Nothing like making powder turns on a bed of ferns.


----------



## Abubob (Oct 13, 2013)

dmw said:


> The rock does look familiar, but I also know you're a Ragged regular.



Did I mention its fifteen minutes from my house? I am so transparent.


----------



## bigbog (Oct 14, 2013)

Only 15min commute to pitched terrain...:smile:  Location, location, location!


----------



## hammer (Oct 14, 2013)

Have yet to try skiing the glades at Ragged...is this Rags to Riches?


----------



## Abubob (Oct 14, 2013)

hammer said:


> Have yet to try skiing the glades at Ragged...is this Rags to Riches?



Yes it is.


----------



## Nick (Oct 15, 2013)

Looks very nice in there. Although not as nice as covered in snow


----------



## Abubob (Oct 18, 2013)

More Ragged photos from our hike. No sign of any construction other than to the snowmaking system.
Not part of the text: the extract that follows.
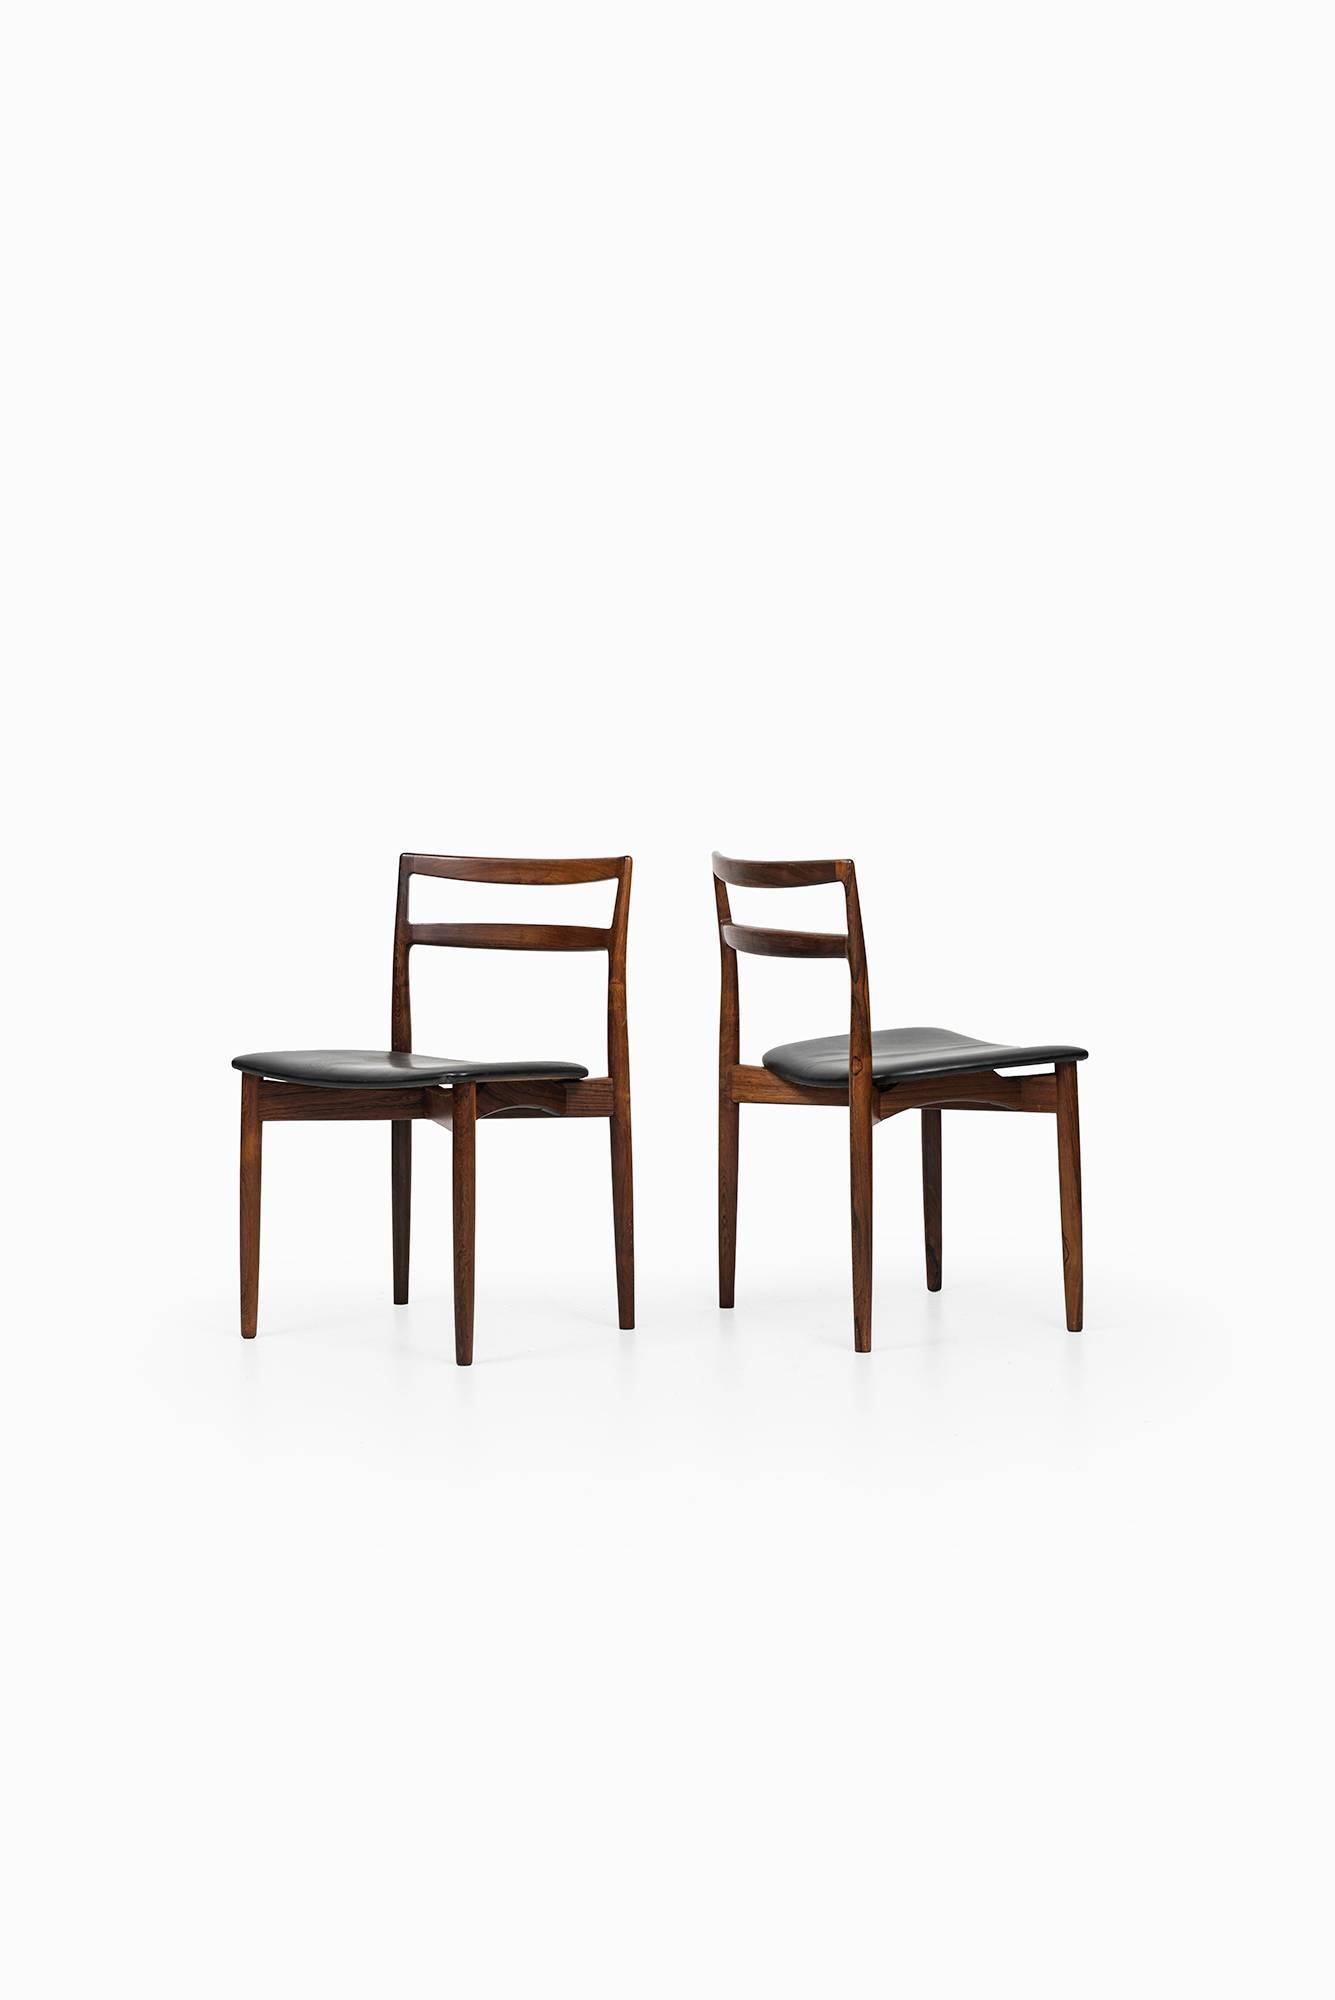 Rare set of eight dining chairs model 61 designed by Harry Østergaard. Produced by Randers møbelfabrik in Denmark.

IMG_6406 by Bob Misu, on Flickr




IMG_6408 by Bob Misu, on Flickr


----------



## skifree (Oct 19, 2013)

bet you can build a nice kicker off that "stupid rock"


----------



## jack97 (Oct 19, 2013)

skifree said:


> bet you can build a nice kicker off that "stupid rock"



yep, I've seen it. you can also get hurt on hitting it the wrong way. Last time i skied that trail, patrollers had to help out skier/rider on two separate incidents around that area. Not sure if was due to that kicker or not tho.


----------



## deadheadskier (Oct 19, 2013)

IMO the landing is too flat following that rock.  I've launched it a few times and unless it's a powder day, I've regretted it because of the landing.


----------